Nature field guides are filled with pictures of plants and animals that teach us what to look for and how to name what we see. For example, a flower finder might display pictures of different iris species, such as the illustrations in the plot below. You have in hand your own specimen from your garden, and you carefully compare it to each of the pictures until you find a good-enough match. The pictures come from Wikipedia, but the data used to create the plot are from the R dataset iris: sepal and petal length and width measured on 150 flowers equally divided across three species.
library(e1071) data(iris) attach(iris) ## classification mode # default with factor response: model <- svm(Species ~ ., data = iris) # alternatively the traditional interface: x <- subset(iris, select = -Species) y <- Species model <- svm(x, y) print(model) summary(model) # test with train data pred <- predict(model, x) # (same as:) pred <- fitted(model) # Check accuracy: table(pred, y) # compute decision values and probabilities: pred <- predict(model, x, decision.values = TRUE) attr(pred, "decision.values")[1:4,] # visualize (classes by color, SV by crosses): plot(cmdscale(dist(iris[,-5])), col = as.integer(iris[,5]), pch = c("o","+")[1:150 %in% model$index + 1])
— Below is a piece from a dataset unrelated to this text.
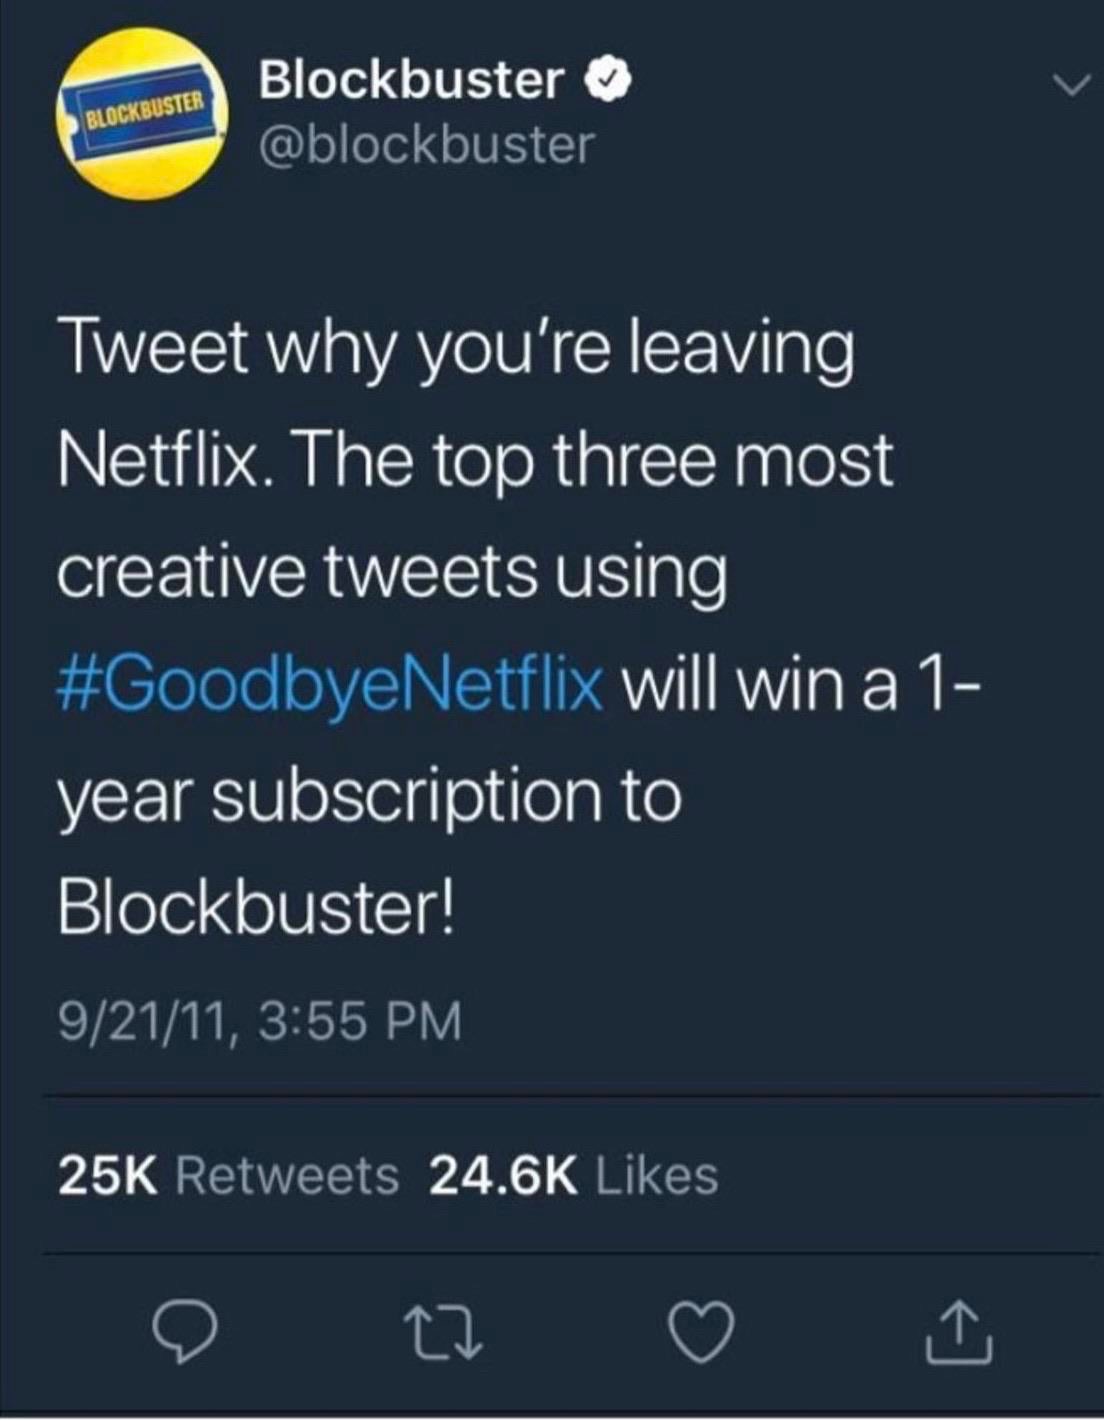 screenshot - Blockbuster Blockbuster Tweet why you're leaving Netflix. The top three most creative tweets using will win a 1 year subscription to Blockbuster! 92111, 25K

We will focus on the last block of R code that generates the metric multidimensional scaling (MDS) of the distances separating the 150 flowers calculated from sepal and petal length and width (i.e., the dist function applied to the first four columns of the iris data). Species plays no role in the MDS with the flowers positioned in a two-dimensional space in order to reproduce the pairwise Euclidean distances. However, species is projected onto the plot using color, and the observations acting as support vectors are indicated with plus signs (+).
The setosa flowers are represented by black circles and black plus signs. These points are separated along the first dimension from the versicolor species in red and virginica in green. The second dimension, on the other hand, seems to reflect some within-species sources of differences that do not differentiate among the three iris types.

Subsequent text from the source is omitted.